I was one of the last hold outs. It was not until 2000 that a Windows PC crossed the threshold of our house, for the rest of the family to use. That PC ran Windows Millennium Edition, which nearly put me off PCs for life with its unrelenting horribleness. It was 2002 before I finally caved in and bought a PC for myself. Even then I tried running Linux, which failed to work properly and resulted in me buying Windows XP for it (pissing off the staff in the electrical department of John Lewis, who had to break off from watching an England World Cup game to serve me).
As 2007 dawned, I found myself facing up to the famed “you’ll have to upgrade them every few years” issue that RISC OS advocates (including myself, it has to be said), used to scream about. But you know what? When I upgraded, I felt like I was getting something useful out of the deal. And, realistically, the only reason I could get away without upgrading my RISC OS machine for so long was because the platform had stagnated.

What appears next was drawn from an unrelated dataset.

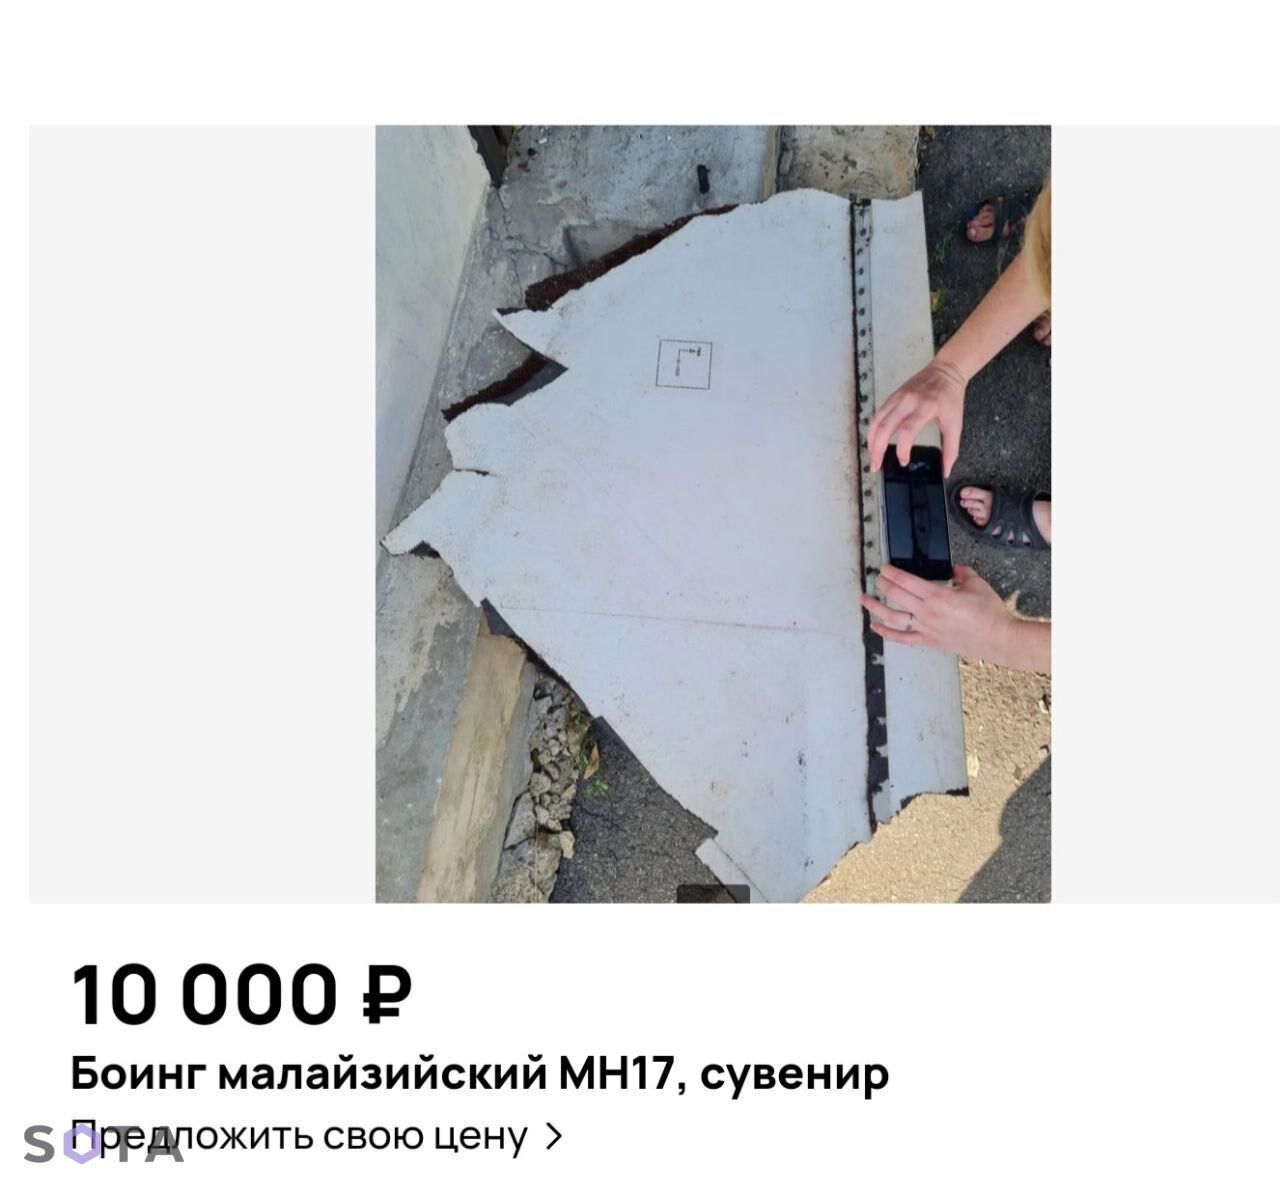 "Сувенир из Амстердама": житель РФ продает на интернет-аукционе фрагмент сбитого малайзийского Боинга MH-17. Фото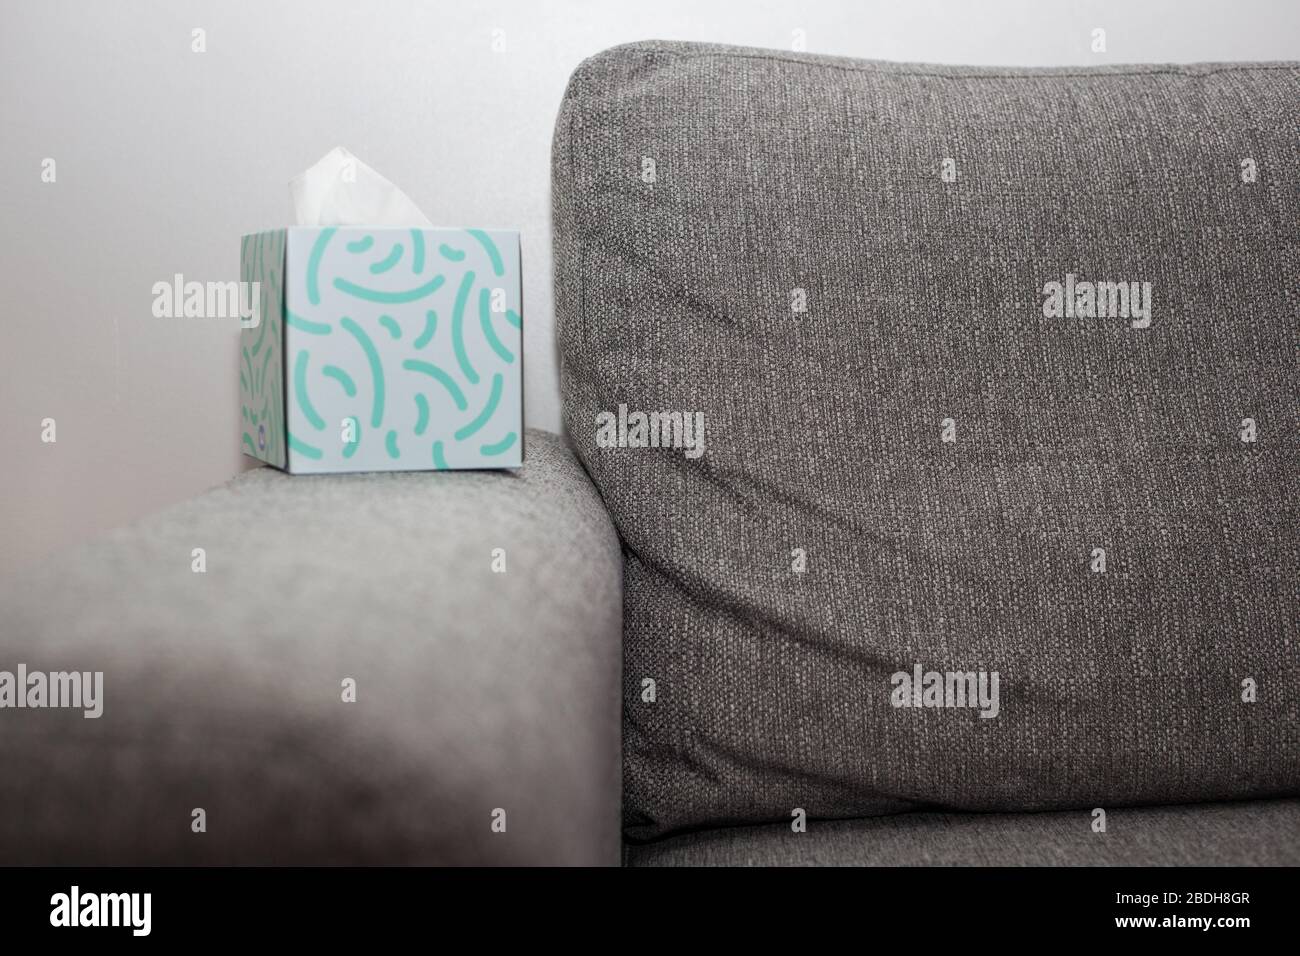 Box of tissues next to grey sofa Stock Photo

I’m certainly not blind to the faults of Windows: security holes (fixed in Vista, they say, although they said the same thing about XP), hundreds of viruses (although good AV software is available for free), spyware (hopefully IE7’s paranoia about installing any add-on, ever, will help with this), difficult to use (not entirely true any more, although some UI quirks still get to me: remind me again why dialogue boxes freeze the whole application until you click OK?).
The final straw was the deterioration in the RISC OS community. One of the plus points for RISC OS over the past few years was that a friendly community of users existed out in cyberspace. Not any more though; the remaining users on the comp.sys.acorn groups seem to prefer squabbling — see this recent thread for but one example.
More than anything else, the sense of fun has gone. And if you can’t have fun using a computer, when can you?